*** SOURCE RECORDS ***

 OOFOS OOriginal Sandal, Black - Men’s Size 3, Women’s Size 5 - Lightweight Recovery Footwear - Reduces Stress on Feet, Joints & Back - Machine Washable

*** End of SOURCE RECORDS ***
*** SOURCE RECORDS ***

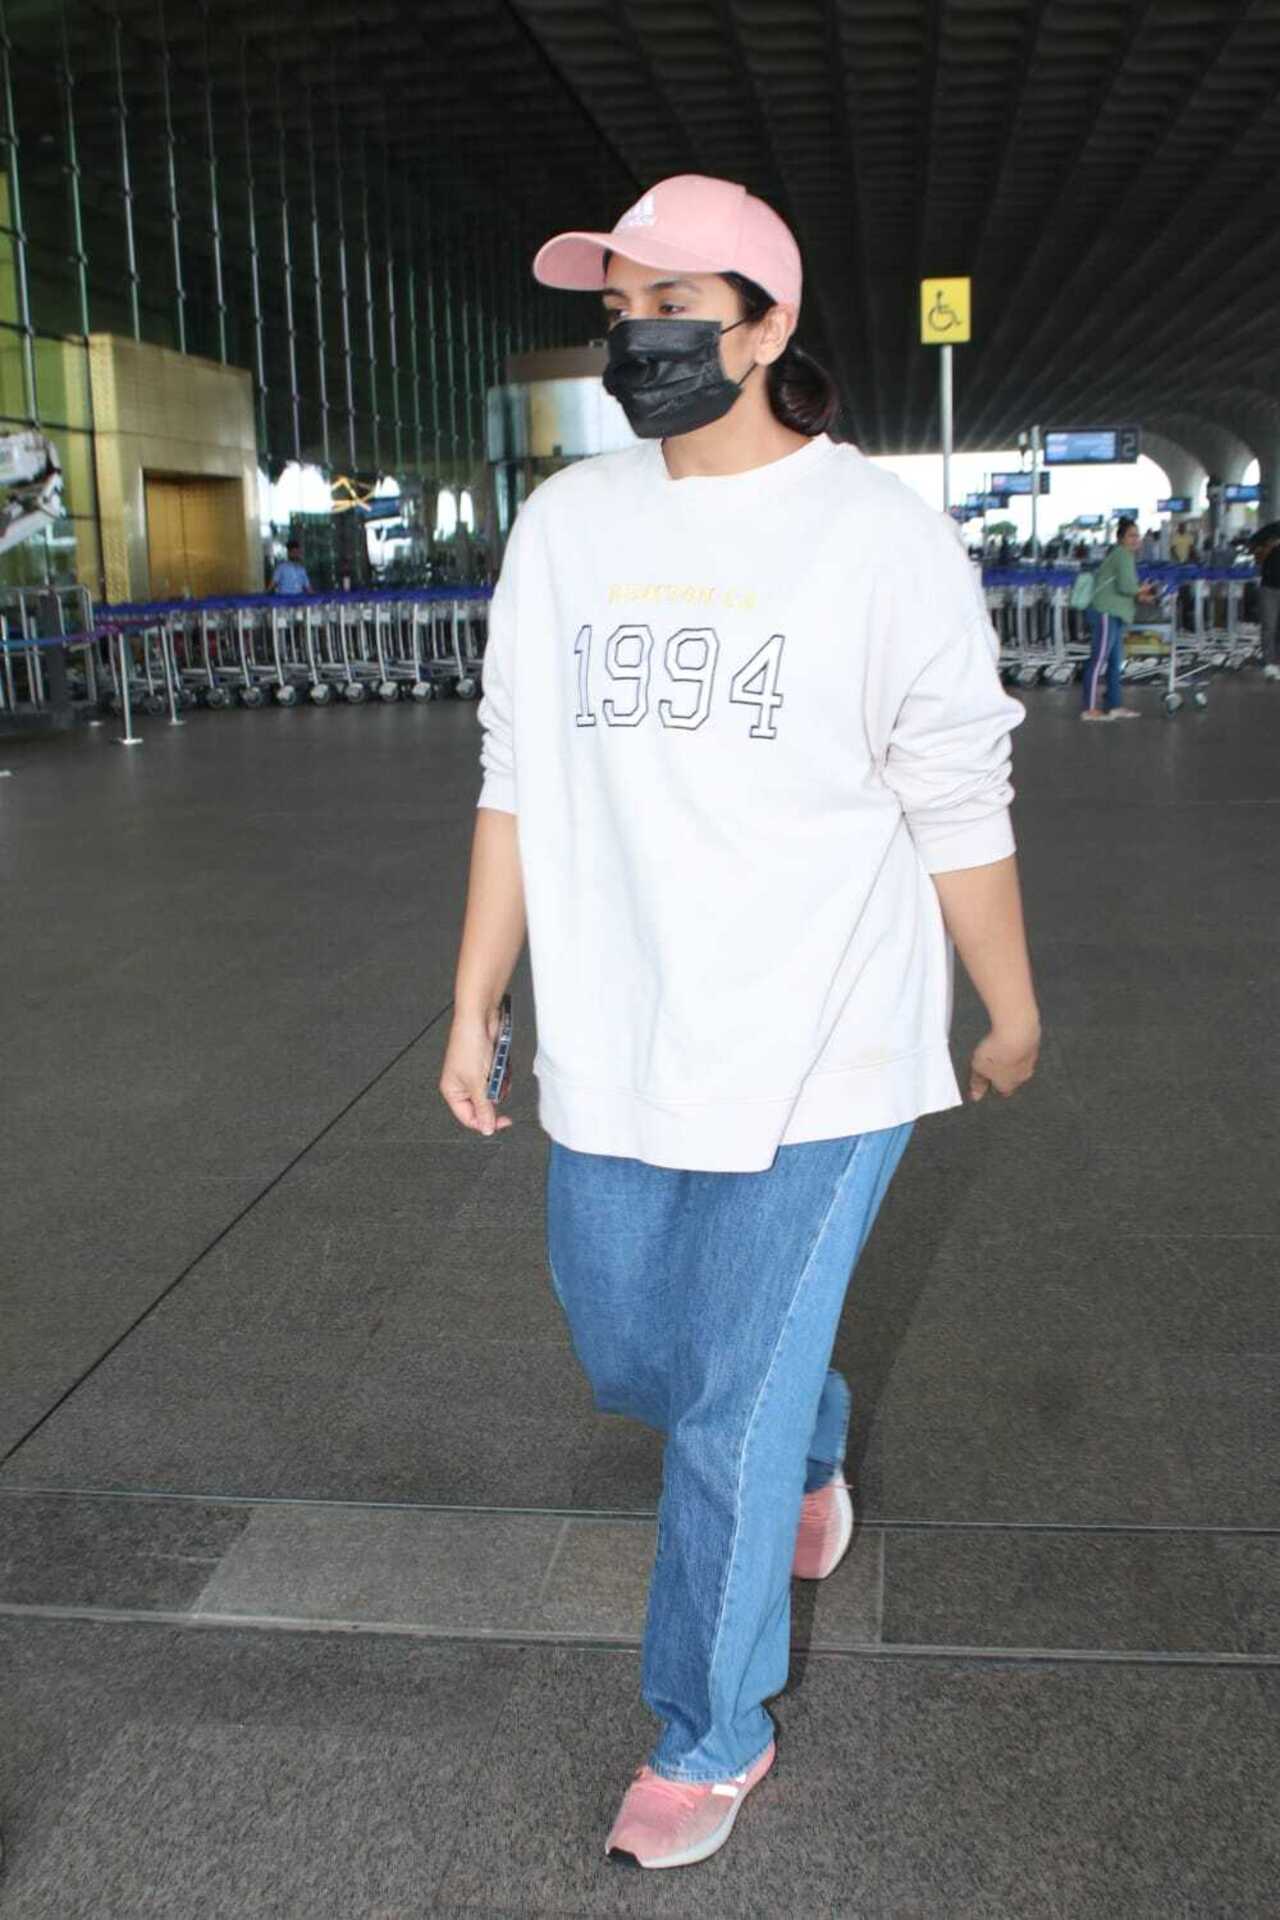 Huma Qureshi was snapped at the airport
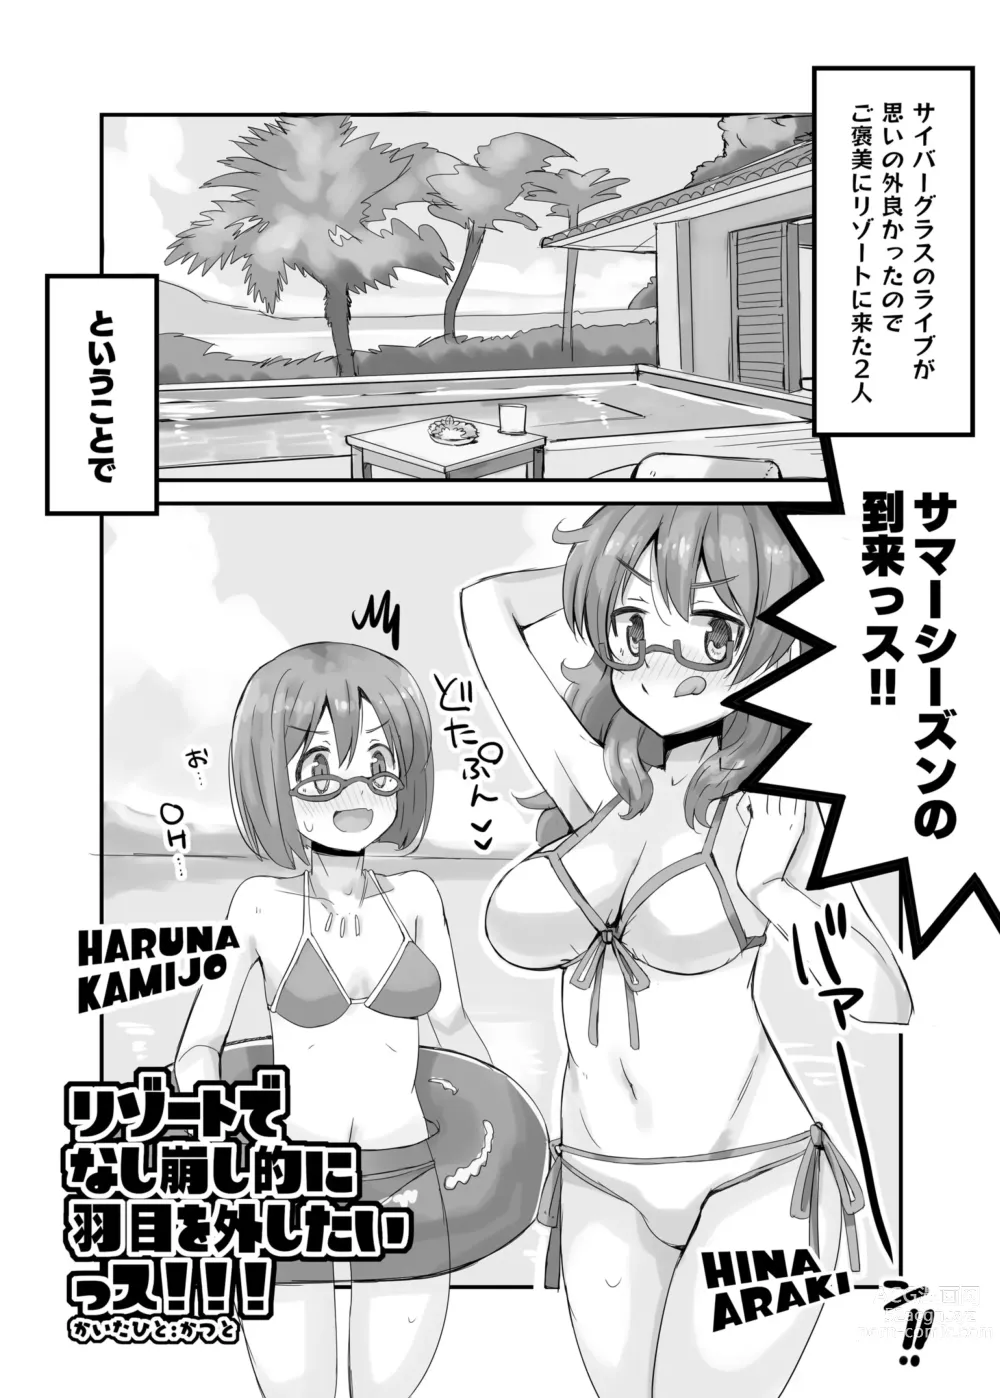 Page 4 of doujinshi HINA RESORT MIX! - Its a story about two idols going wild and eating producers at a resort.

*** End of SOURCE RECORDS ***
*** SOURCE RECORDS ***

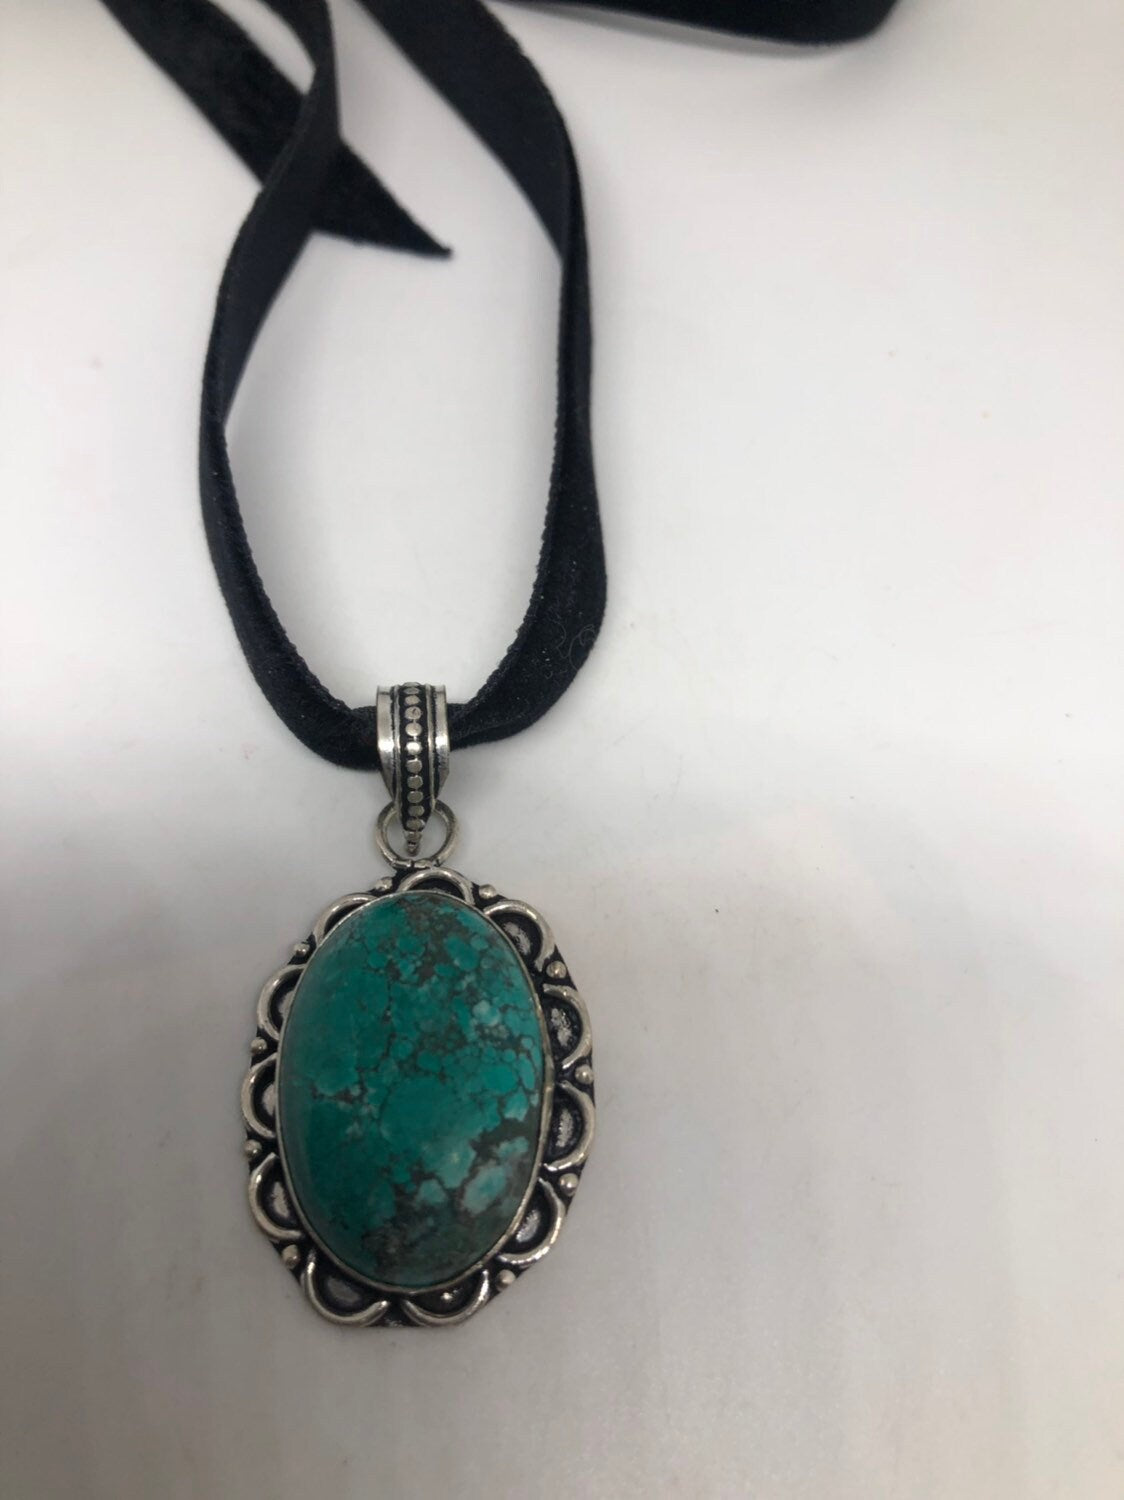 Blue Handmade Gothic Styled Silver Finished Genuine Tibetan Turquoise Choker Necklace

*** End of SOURCE RECORDS ***

WHAT YOU SHOULD DO: Leaving pictures out, output the lines of the data above from the one with "Huma Qureshi was snapped at the airport" through the one with "Page 4 of doujinshi", word for word.

TASK RESULT:
 Huma Qureshi was snapped at the airport
 Page 4 of doujinshi HINA RESORT MIX! - Its a story about two idols going wild and eating producers at a resort.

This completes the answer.